◆ TRY IT:
Reproduce the listing exactly and skip over any pictures.

◆ DATA:
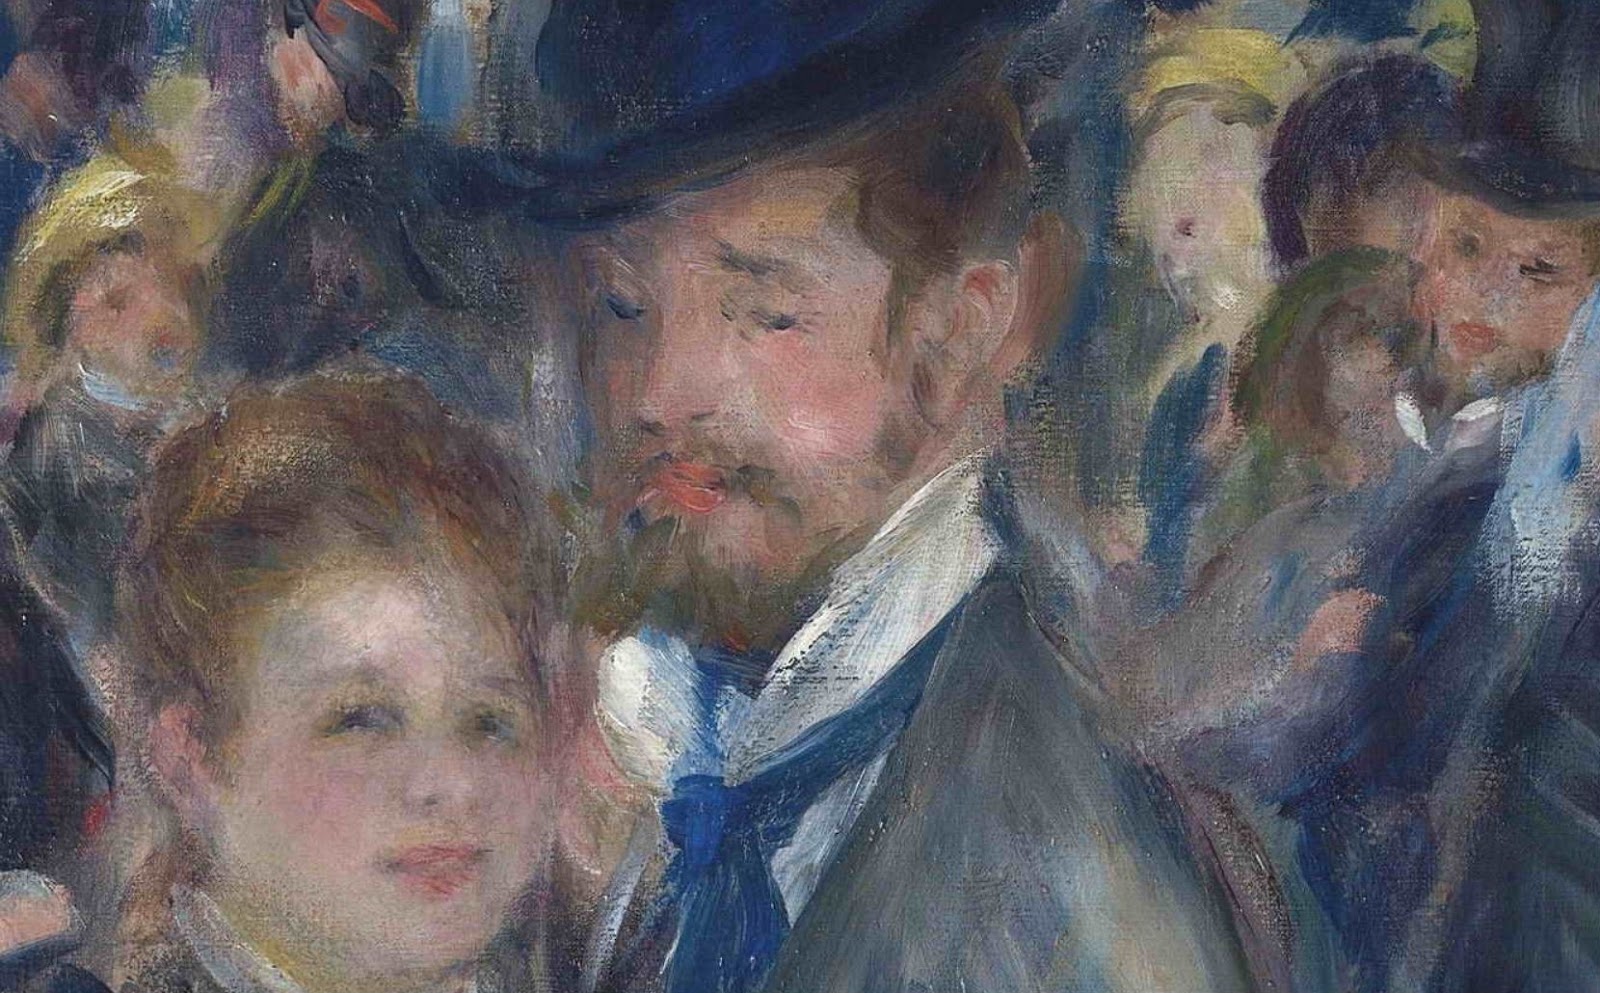 Pierre+Auguste+Renoir-1841-1-19 (438).JPG
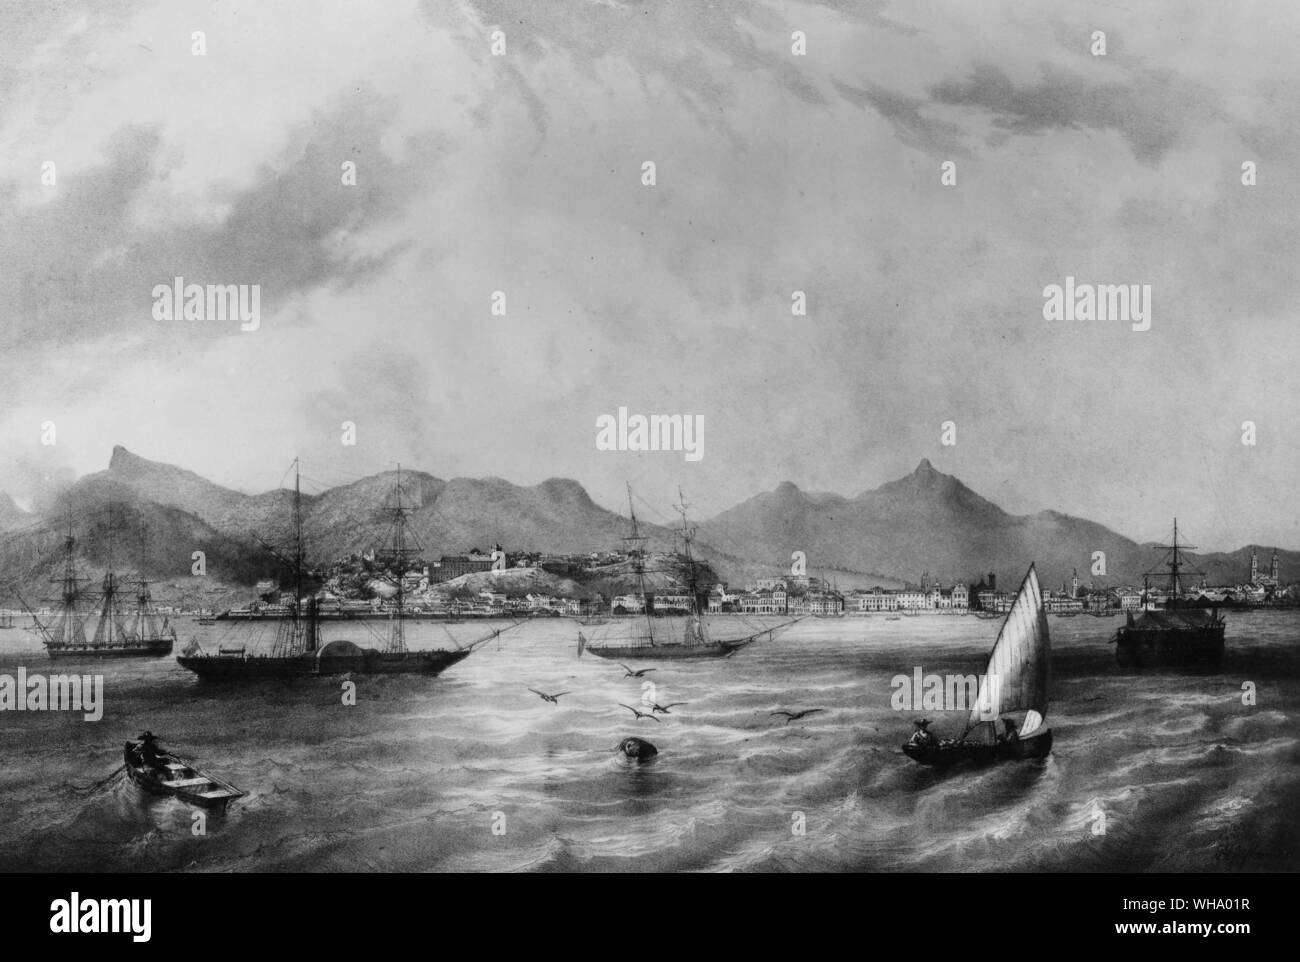 Port de Rio de Janeiro, Brésil ; ville en arrière-plan. Lithogrpah, début du xixe siècle. Banque D'Images
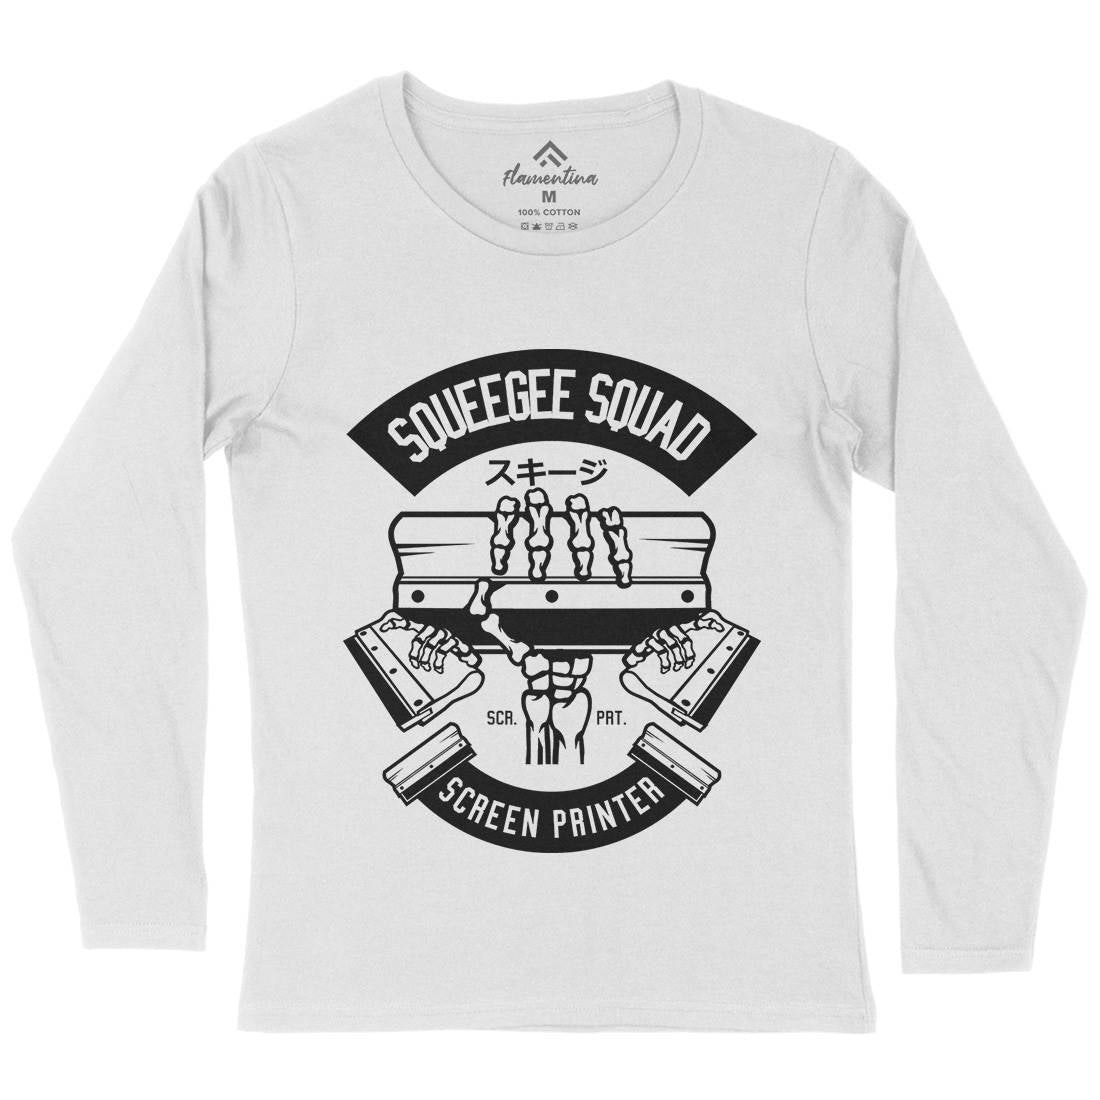 Squeegee Squad Womens Long Sleeve T-Shirt Retro B642

◆ RESULT OF THE EXERCISE:
 Pierre+Auguste+Renoir-1841-1-19 (438).JPG
 Port de Rio de Janeiro, Brésil ; ville en arrière-plan. Lithogrpah, début du xixe siècle. Banque D'Images
 Squeegee Squad Womens Long Sleeve T-Shirt Retro B642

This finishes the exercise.